I don’t remember if I did faint then or not.
He had picked me up again and was carrying me somewhere… and I do remember that I tried to struggle and whispered angrily that I refused, I refused to let him be the one…
“What in hell are you muttering about, anyhow? And stop wiggling or I’ll drop you, an’ a broken neck won’t be as easy to fix up as two cut fingers!”
“I don’t see why you should be the one to be angry! And you didn’t save my life. People don’t die of a bleeding cut…”
“If that isn’t just like a damned female! Listen, if I’d have thought stoppin’ the bleedin’ was saving your life, I’d have let you go on bleeding! Think I’d want to be saddled with a wife like you?”
“Of course not! It’s Elena you want as your wife, isn’t it?”
Before the words were out I regretted having said them. I felt the tightening of his arms and the sudden rigidity of his muscles against my cheek—and what was I doing, leaning my head against his shoulder so trustfully?
“Damned if I shouldn
’t throw you all the way down them stairs I just carried you up for that, you vicious-tongued little bitch!”
I opened my eyes and his were bleak and dangerous. His nostrils flared ever so slightly when he was angry, and at that moment I thought he might carry out his threat or strangle me. I don’t know what else he might have said, or I might have said, but we were already upstairs, passing Elena’s room, and at that moment, when he had stopped still and was glaring down at me, the door opened.
“Lucas? I thought I heard your voice.”
And suddenly I felt that I could not bear to see her face, nor his either, with that naked, curiously revealing look that always came to it when he looked at her. So I closed my eyes and bit my lip and pretended to go limp, although I’m sure I did not deceive him.
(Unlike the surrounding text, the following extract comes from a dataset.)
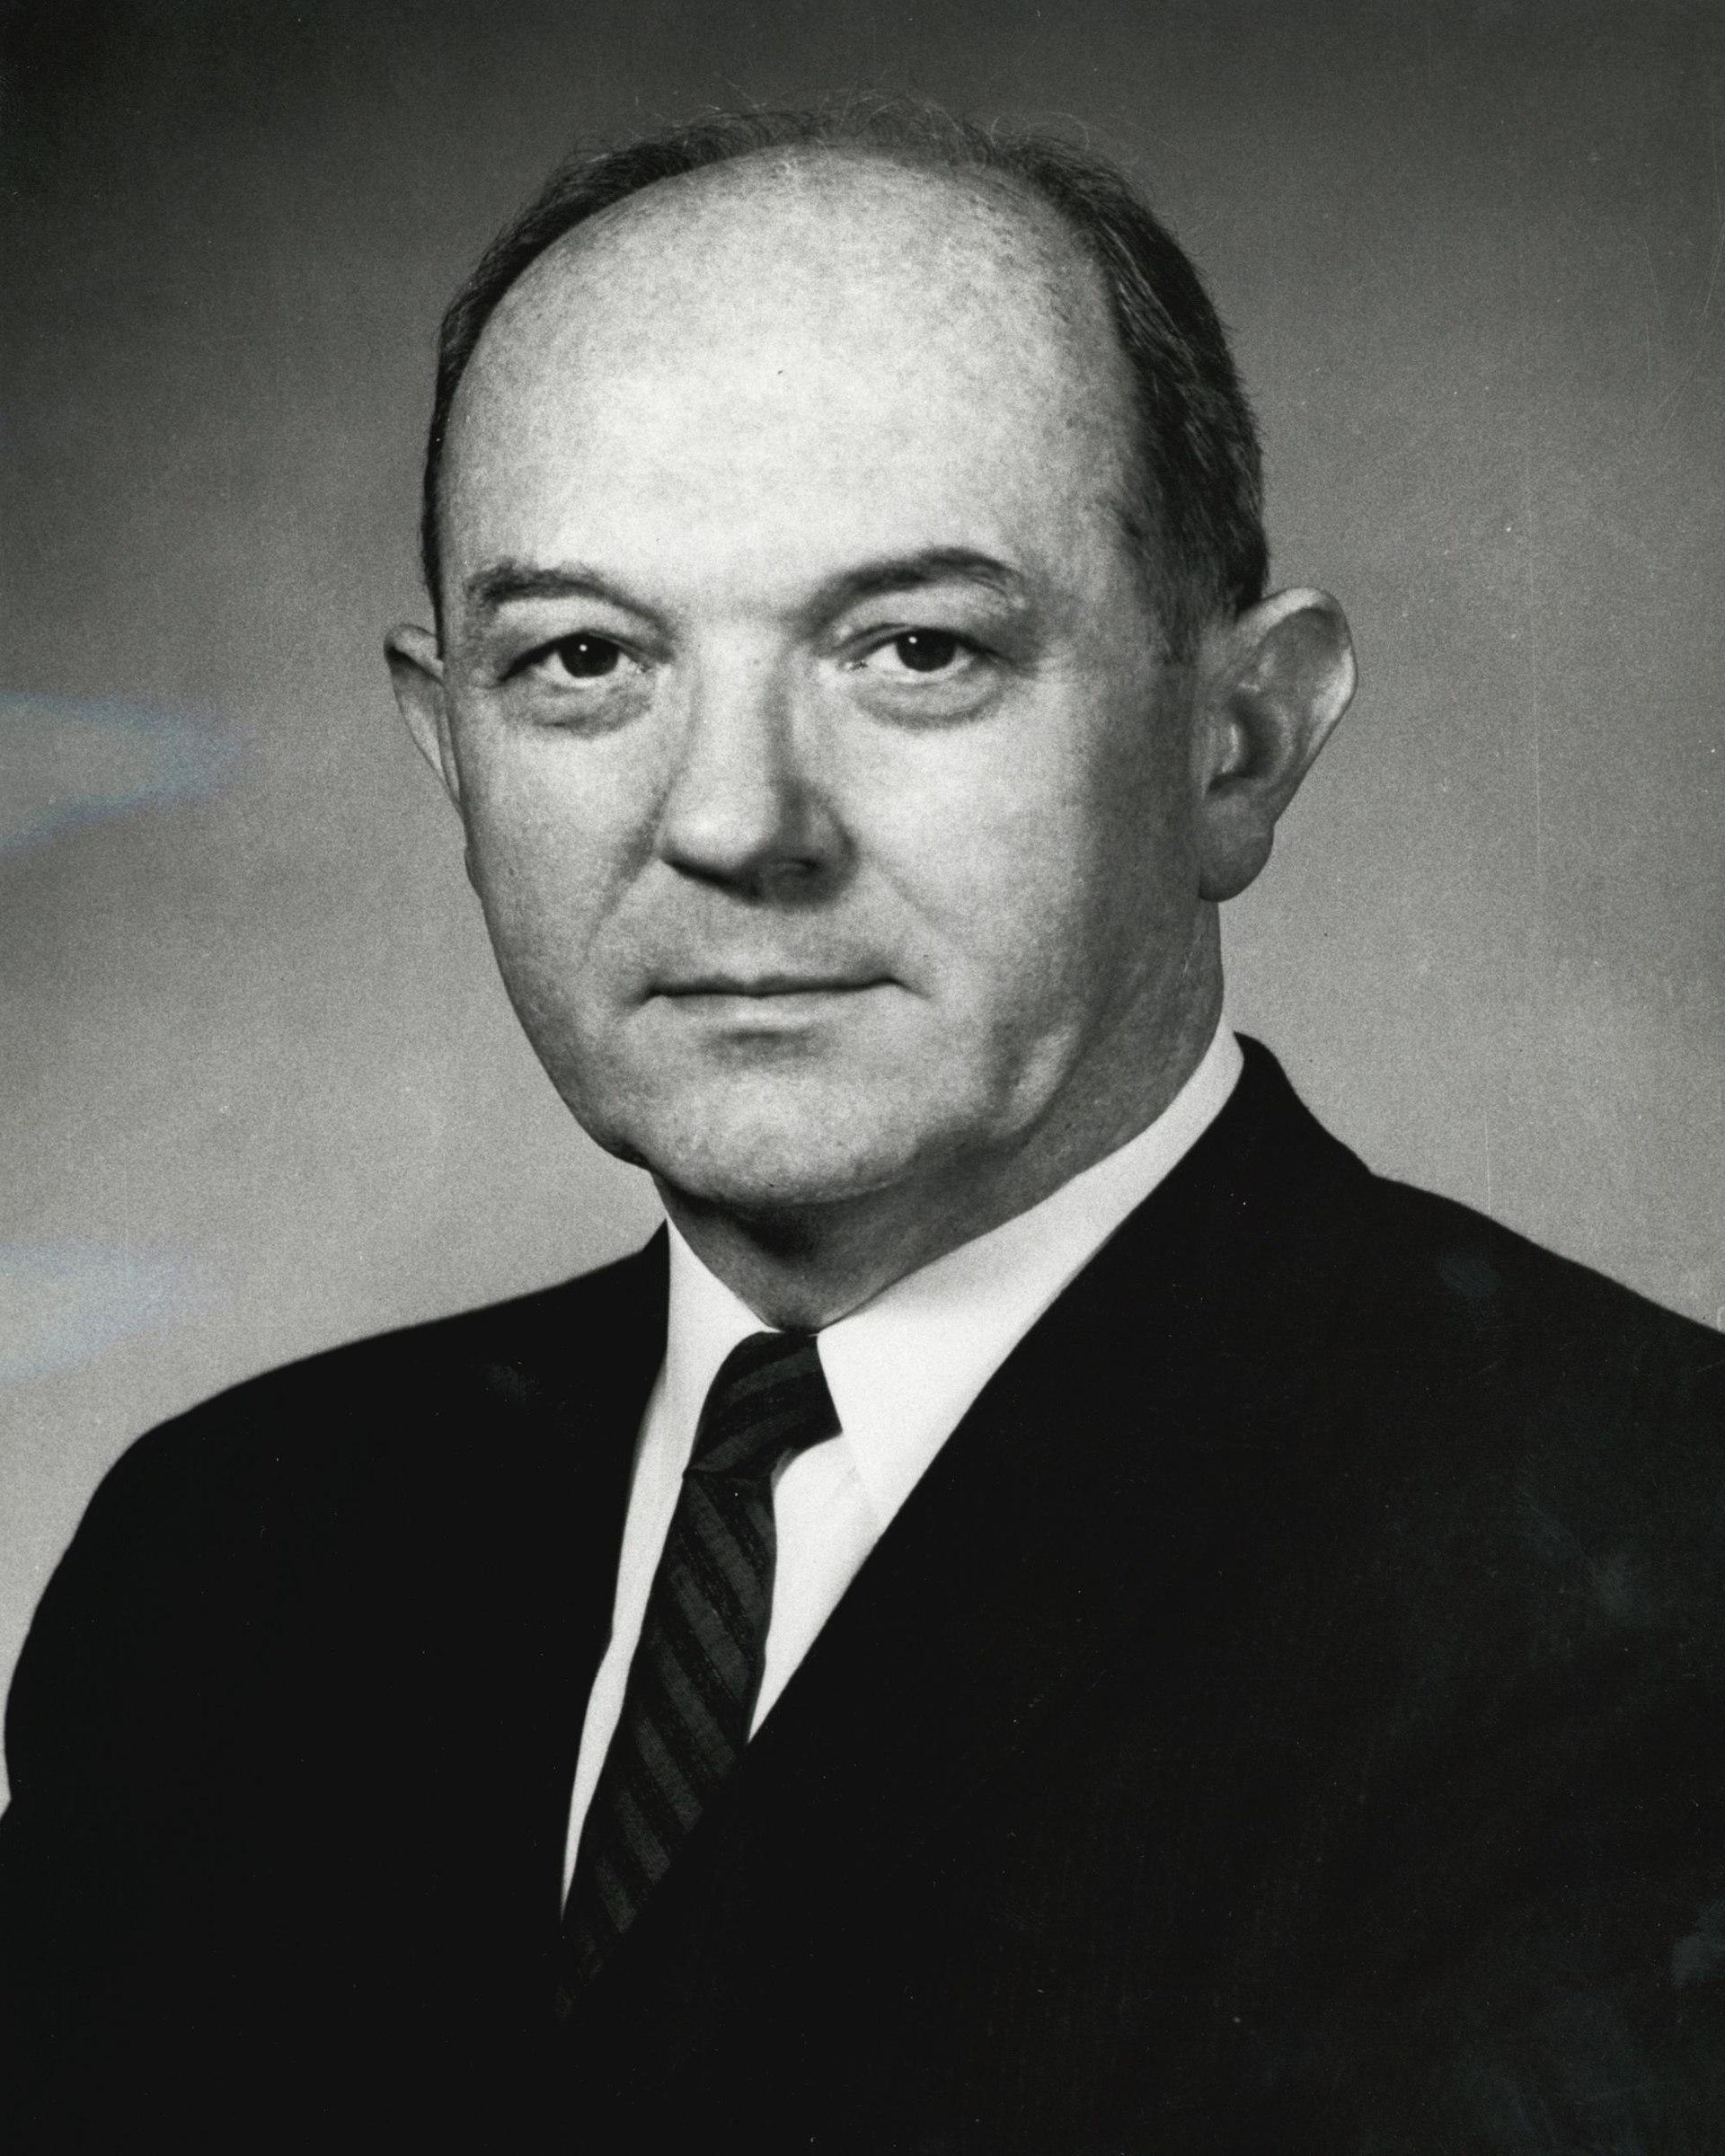 Dean Rusk Wikipedia
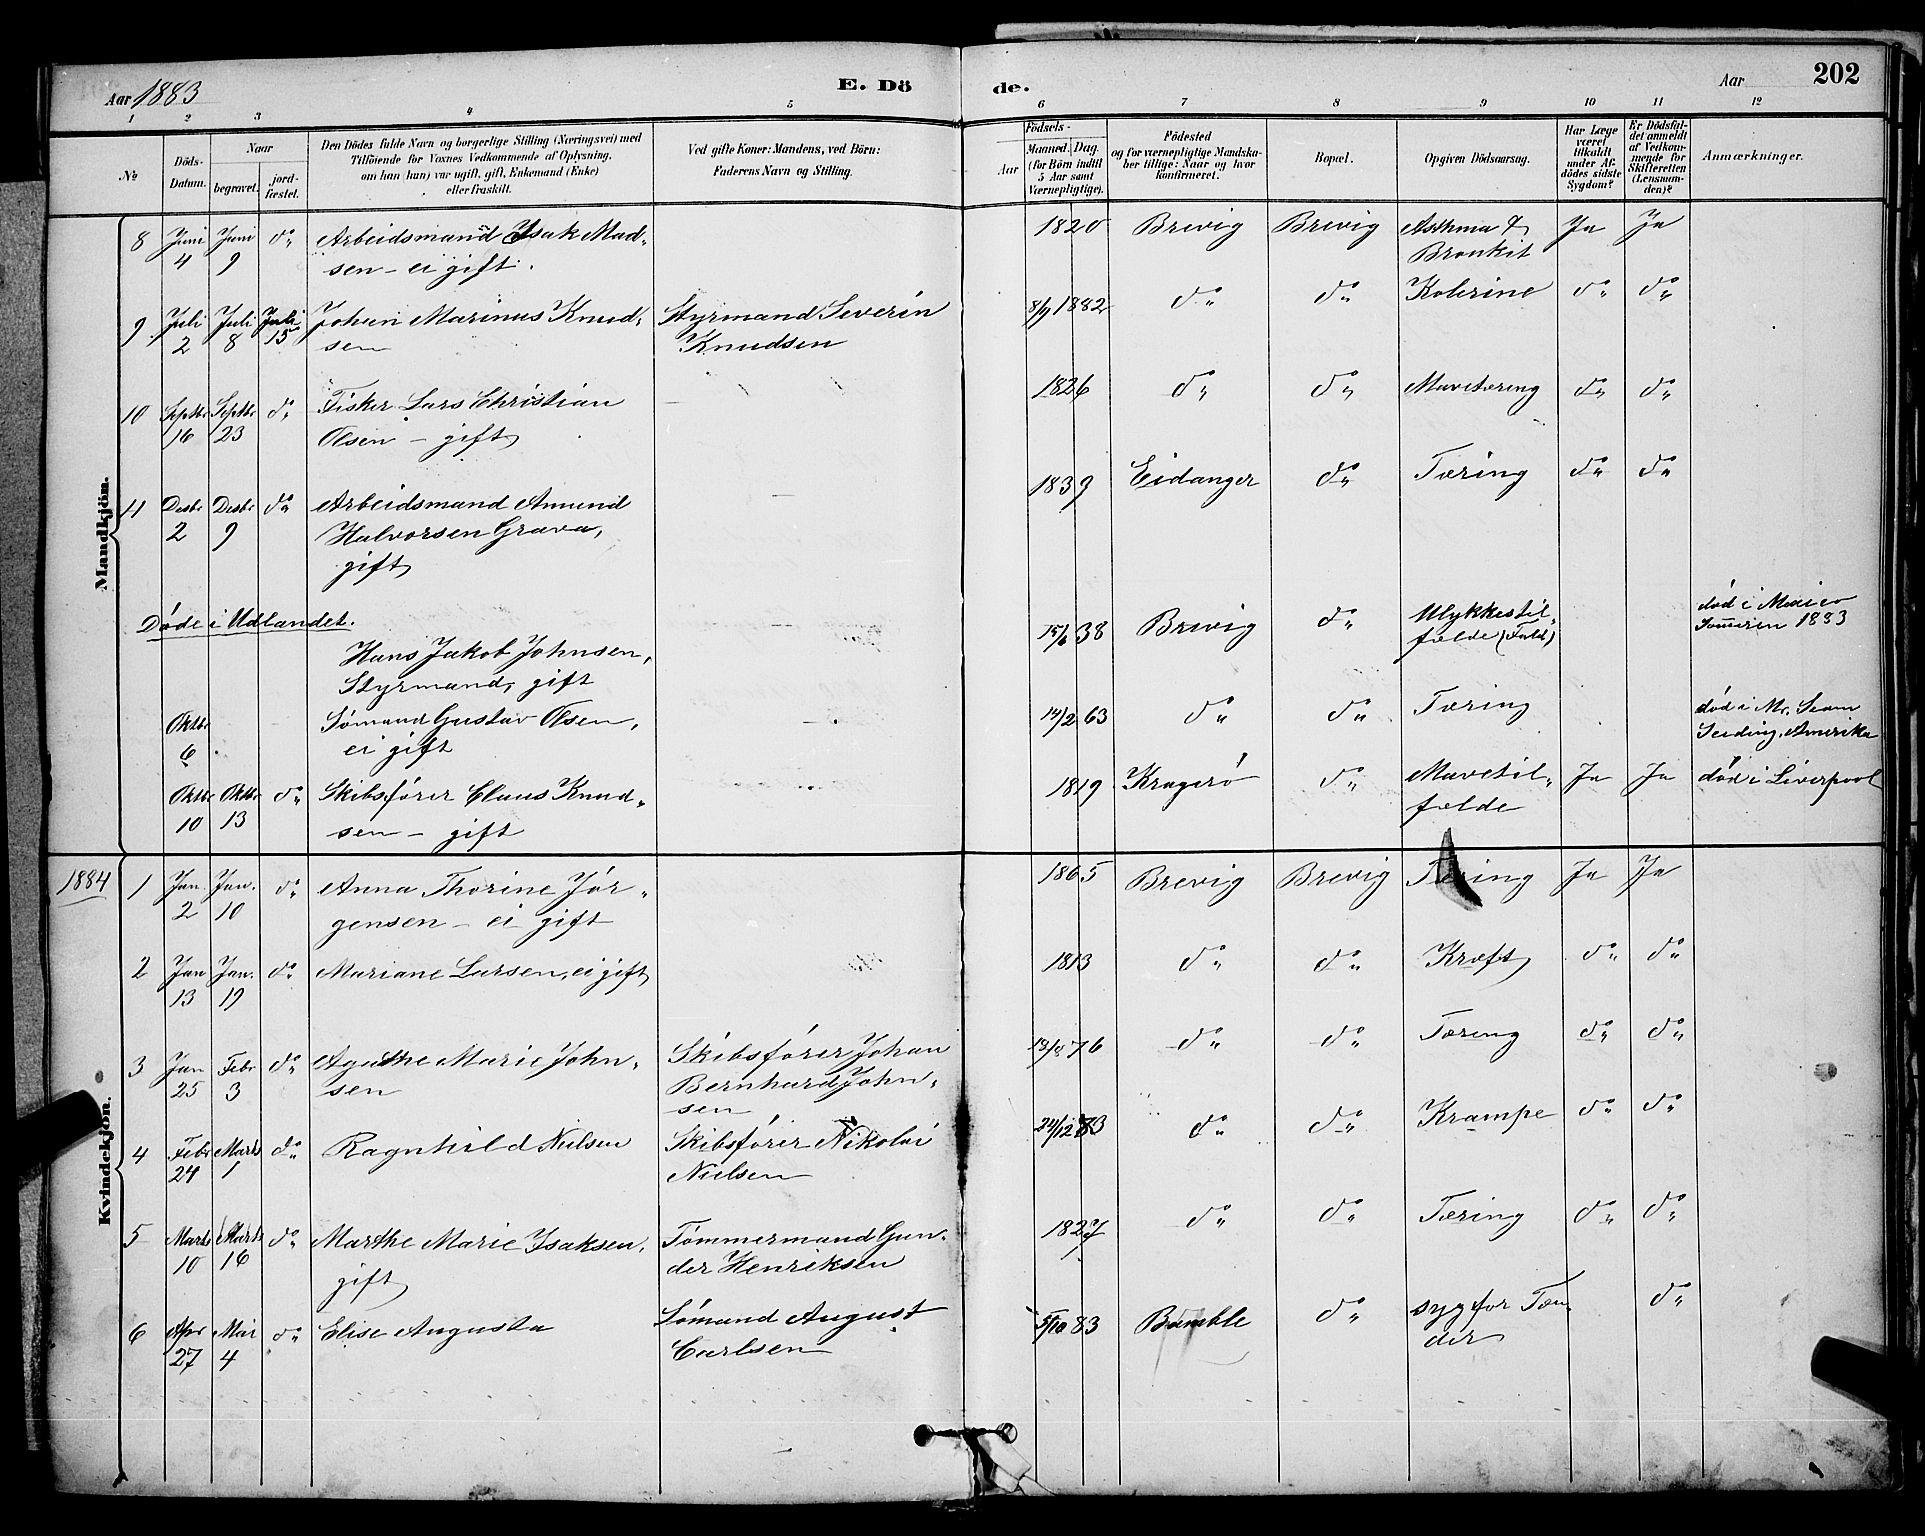 SAKO, Brevik kirkebøker, G/Ga/L0004: Klokkerbok nr. 4, 1882-1900, s. 202

“She cut her fingers pretty badly. There was no one there, and I had to cauterize the cuts.”
“I suppose she fainted. Good heavens, Lucas, when I first saw you, I thought—”
He cut her off, and I know it was because he knew I was listening, and understood how things stood between them. He hated me for it; I could feel the hate emanating from him like a physical, tangible thing, in the way he held me.
“I am going to put her in her room, and then I will come back and tell you how it happened.”
“Lucas.”
I felt a kind of triumph when he walked past her without answering, but it did not last. I should not have said it—not yet. I should have had more sense than to blurt out aloud the thought that was uppermost in my mind, whether it was the truth or not.
He had pushed open the door to my room with a savage kick, and he roughly laid me down on my bed.
“Soon as Luz comes back, I’ll send her up to you. And you—you learn to keep your mouth shut, an’ to stop meddlin’ in my life, askin’ questions, or by God I’ll…”
“You’ll what? Kill me to get me out of the way? Sell me off to one of your friends as you did Flo? I said only what was true, and you know it! Why are you ashamed to admit it? You’re in love with Elena. Do you think I’m blind? Do you think they are all blind, just because no one else has had the courage to speak the words aloud as I did?”